Uncovering the Neural Mechanisms of Inter-Hemispheric Balance Restoration in Chronic Stroke through EMG-Driven Robot Hand Training: Insights from Dynamic Causal Modeling

• Published in: IEEE transactions on neural systems and rehabilitation engineering Vol. 32; p. 1
• Main Authors: Ti, Chun-hang Eden, Hu, Chengpeng, Yuan, Kai, Chu, Winnie Chiu-wing, Tong, Raymond Kai-yu
• Format: Journal Article
• Language: English
• Published: United States IEEE 01.01.2024; The Institute of Electrical and Electronics Engineers, Inc. (IEEE)

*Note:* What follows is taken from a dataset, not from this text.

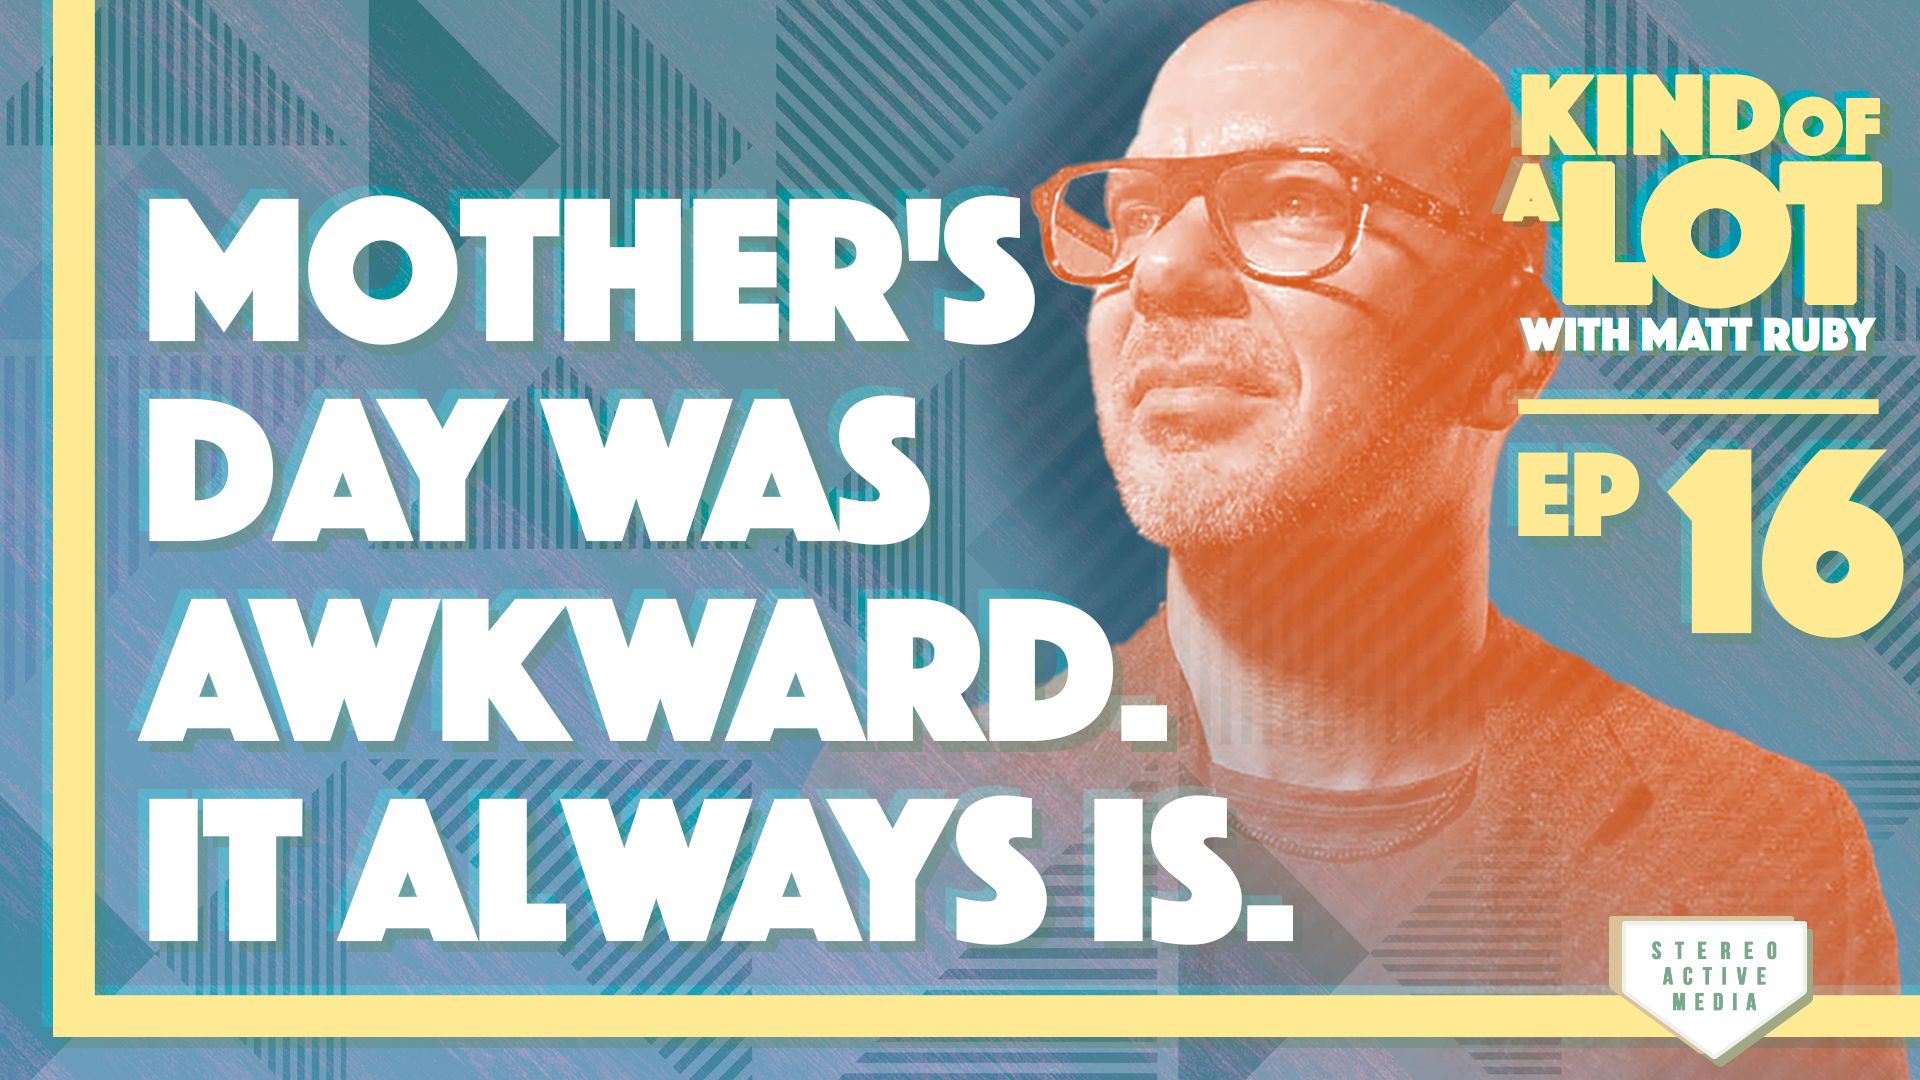 Ep 16 // Mother's Day was awkward. It always is.

• Subjects: Arm; Brain modeling; Cerebral hemispheres; Chronic Stroke; Cortex (motor); Cortex (premotor); Dynamic Causal Modeling; Effective connectivity; Electromyography; End effectors; Functional magnetic resonance imaging; Hand; Humans; Interhemispheric; Magnetic Resonance Imaging; Modelling; Motor Cortex - physiology; Primary motor cortex; Recovery; Recovery of function; Reduction; Resting-state functional connectivity; Restoration; Robot kinematics; Robotics; Robots; Stroke; Supplementary motor area; Task analysis; Training
• ISSN: 1534-4320; 1558-0210; 1558-0210
• DOI: 10.1109/TNSRE.2023.3339756

EMG-driven robot hand training can facilitate motor recovery in chronic stroke patients by restoring the interhemispheric balance between motor networks. However, the underlying mechanisms of reorganization between interhemispheric regions remain unclear. This study investigated the effective connectivity (EC) between the ventral premotor cortex (PMv), supplementary motor area (SMA), and primary motor cortex (M1) using Dynamic Causal Modeling (DCM) during motor tasks with the paretic hand. Nineteen chronic stroke subjects underwent 20 sessions of EMG-driven robot hand training, and their Action Reach Arm Test (ARAT) showed significant improvement (β=3.56, p<0.001). The improvement was correlated with the reduction of inhibitory coupling from the contralesional M1 to the ipsilesional M1 (r=0.58, p=0.014). An increase in the laterality index was only observed in homotopic M1, but not in the premotor area. Additionally, we identified an increase in resting-state functional connectivity (FC) between bilateral M1 (β=0.11, p=0.01). Inter-M1 FC demonstrated marginal positive relationships with ARAT scores (r=0.402, p=0.110), but its changes did not correlate with ARAT improvements. These findings suggest that the improvement of hand functions brought about by EMG-driven robot hand training was driven explicitly by task-specific reorganization of motor networks. Particularly, the restoration of interhemispheric balance was induced by a reduction in interhemispheric inhibition from the contralesional M1 during motor tasks of the paretic hand. This finding sheds light on the mechanistic understanding of interhemispheric balance and functional recovery induced by EMG-driven robot training.